4. Therefore, concrete actual infinites are impossible.
What to make of this argument? As with the argument in the previous post, the notion of there being “just as many” books is ambiguous in (2) and (3). On the one hand, one might mean that there are "just as many" books before the additions as after in the sense that the former has the same cardinal number as the latter. Then while (2) is true, it’s not obvious that (3) is true. Indeed, an actual infinite is standardly defined as a set that has the same cardinal number as some of its proper subsets. But, presumably, Craig's argument is supposed to persuade those who already know what an actual infinite is supposed to be, and yet remain at least agnostic as to whether actually infinite sets of things are metaphysically possible. It seems, then, that one wouldn’t accept (3) unless one already rejected the possibility of actual infinites.

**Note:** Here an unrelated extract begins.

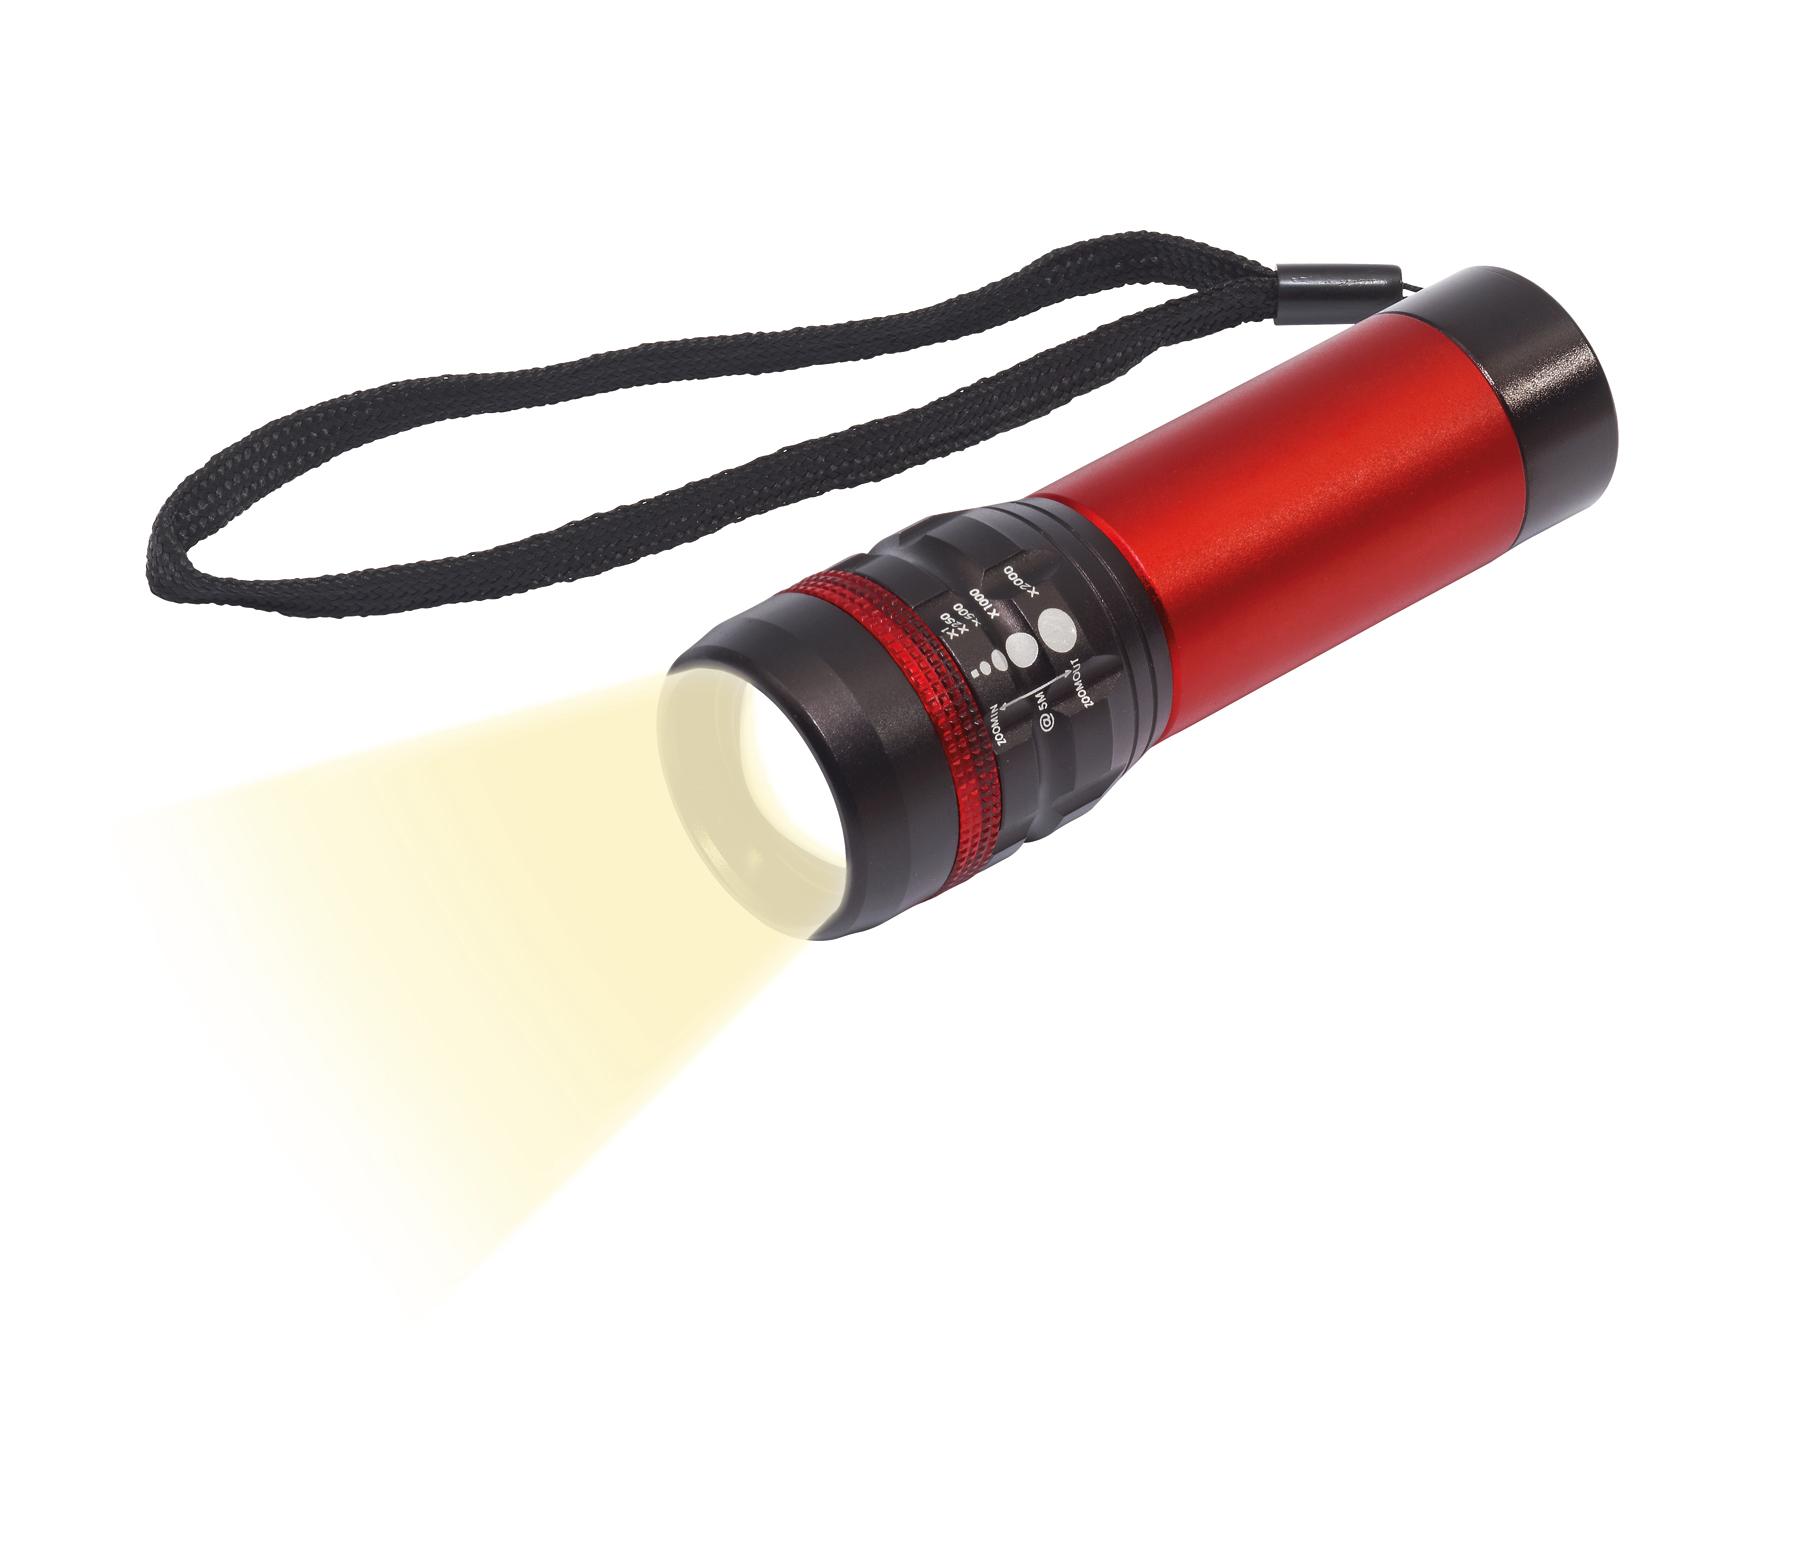 Latarka LED ZOOM, czarny, czerwony
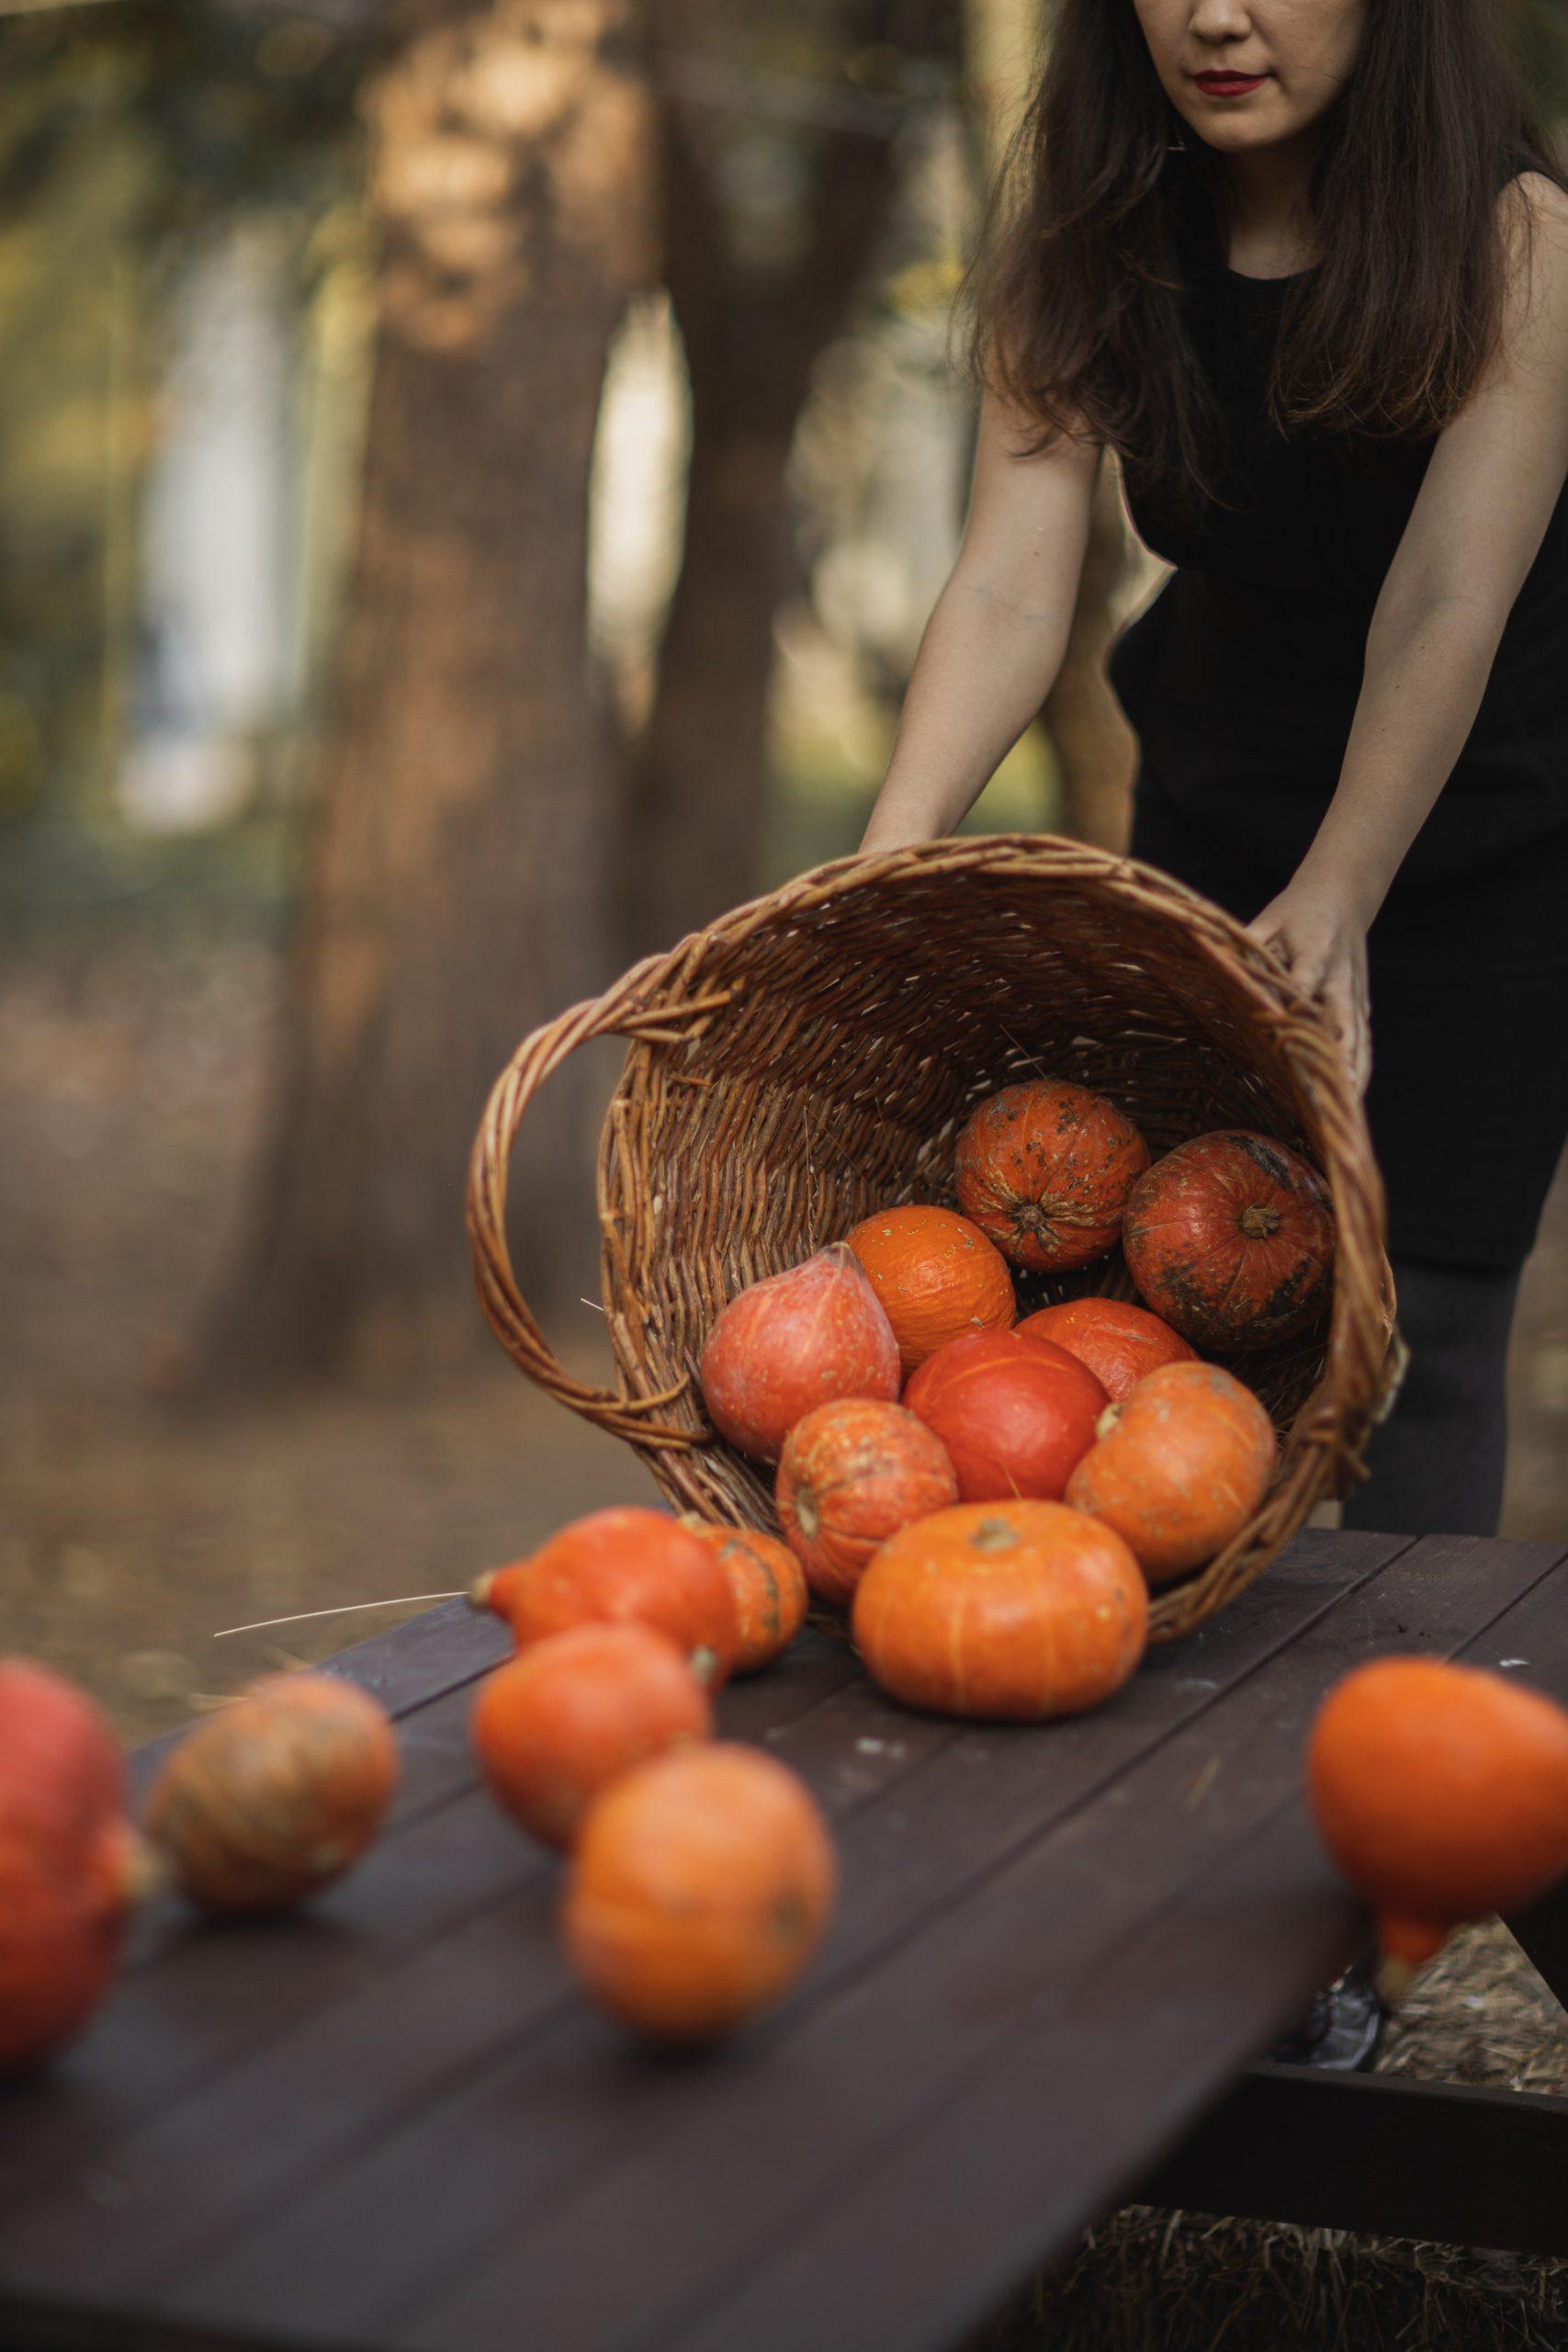 Photo of Woman Dumping Pumpkins

Now as noted in the previous post, Craig thinks he can provide independent support for (3) via other thought experiments besides the one under consideration. Again, we'll consider those in later posts in this series. For now, though, we’ll just note again that on the current interpretation of "just as many", (3) so far lacks the independent support it needs for the current argument to convince those who are "on the fence" about the possibility of actual infinites.
On the other hand, one might mean that there are "just as many" books before the additions as after in the sense that neither set of books has members besides the ones they share in common. Then while (3) is true on that reading, (2) is not. For of course the resultant collection of books after each addition is one that has other books besides the original set, viz., the ones added.
As with the argument discussed in the previous post, the upshot is that the argument gets its intuitive appeal by equivocating on the notion of “just as many”. Thus, once the different readings of the expression are disambiguated, the argument loses its force.
 As noted in the previous post, at least two philosophers have raised this sort of criticism. See (e.g.) Morriston, Wes. "Craig on the Actual Infinite", Religious Studies 38 (2002), pp. 147-166, esp. pp. 154 (bottom)-155; Morriston, "Must Metaphysical Time Have a Beginning?", Faith and Philosophy 20:3 (July 2003), pp. 288-306, esp. 295-298; Draper, Paul. "A Critique of the Kalam Cosmological Argument", in Pojman, Louis and Rea, Michael (eds.), Philosophy of Religion, an Anthology, 5th ed. (Wadsworth, 2008). (Notes on Draper's paper can be found here and here.)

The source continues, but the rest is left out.